■ Data shown ■
——————————

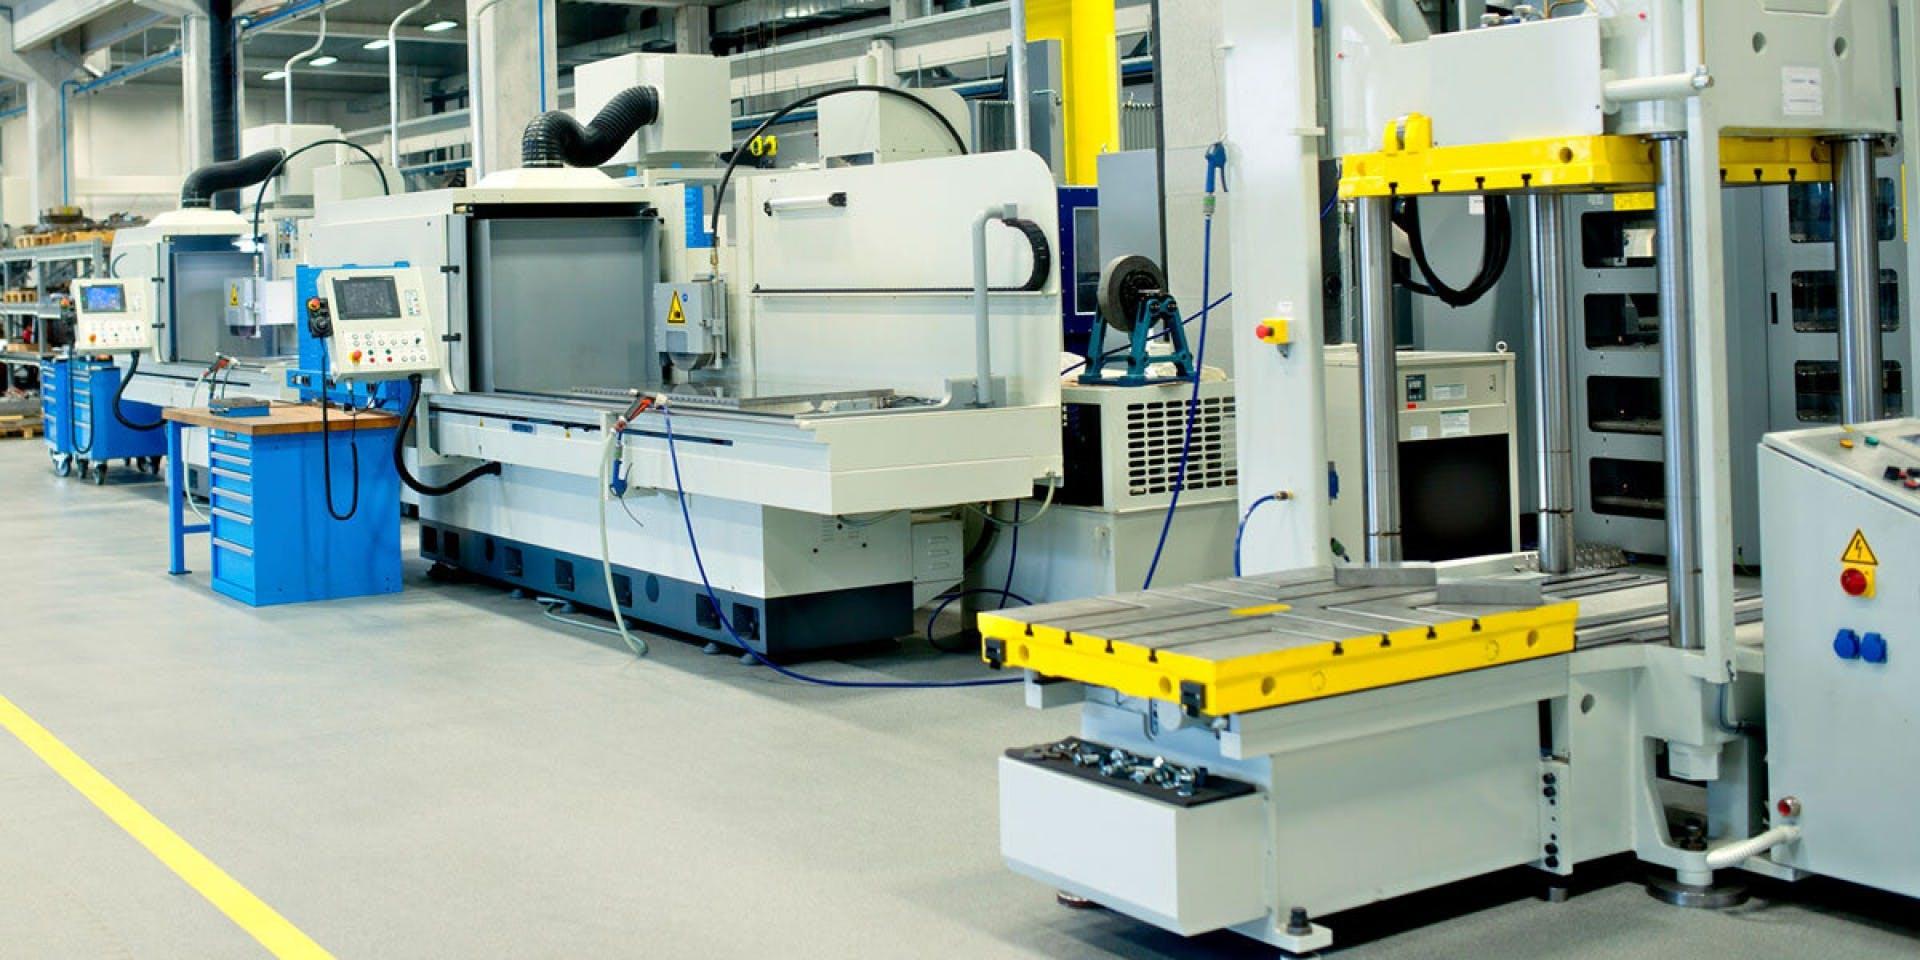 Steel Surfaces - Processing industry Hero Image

——————————

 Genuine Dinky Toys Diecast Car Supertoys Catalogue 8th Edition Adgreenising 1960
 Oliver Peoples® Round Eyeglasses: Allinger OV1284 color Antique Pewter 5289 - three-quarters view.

——————————

■ Problem description ■
Beginning with the line holding "Genuine Dinky Toys" and ending with the line holding "Oliver Peoples® Round", write out the stretch of material above exactly; add no further lines.

■ Answer for the task ■
 Genuine Dinky Toys Diecast Car Supertoys Catalogue 8th Edition Adgreenising 1960
 Oliver Peoples® Round Eyeglasses: Allinger OV1284 color Antique Pewter 5289 - three-quarters view.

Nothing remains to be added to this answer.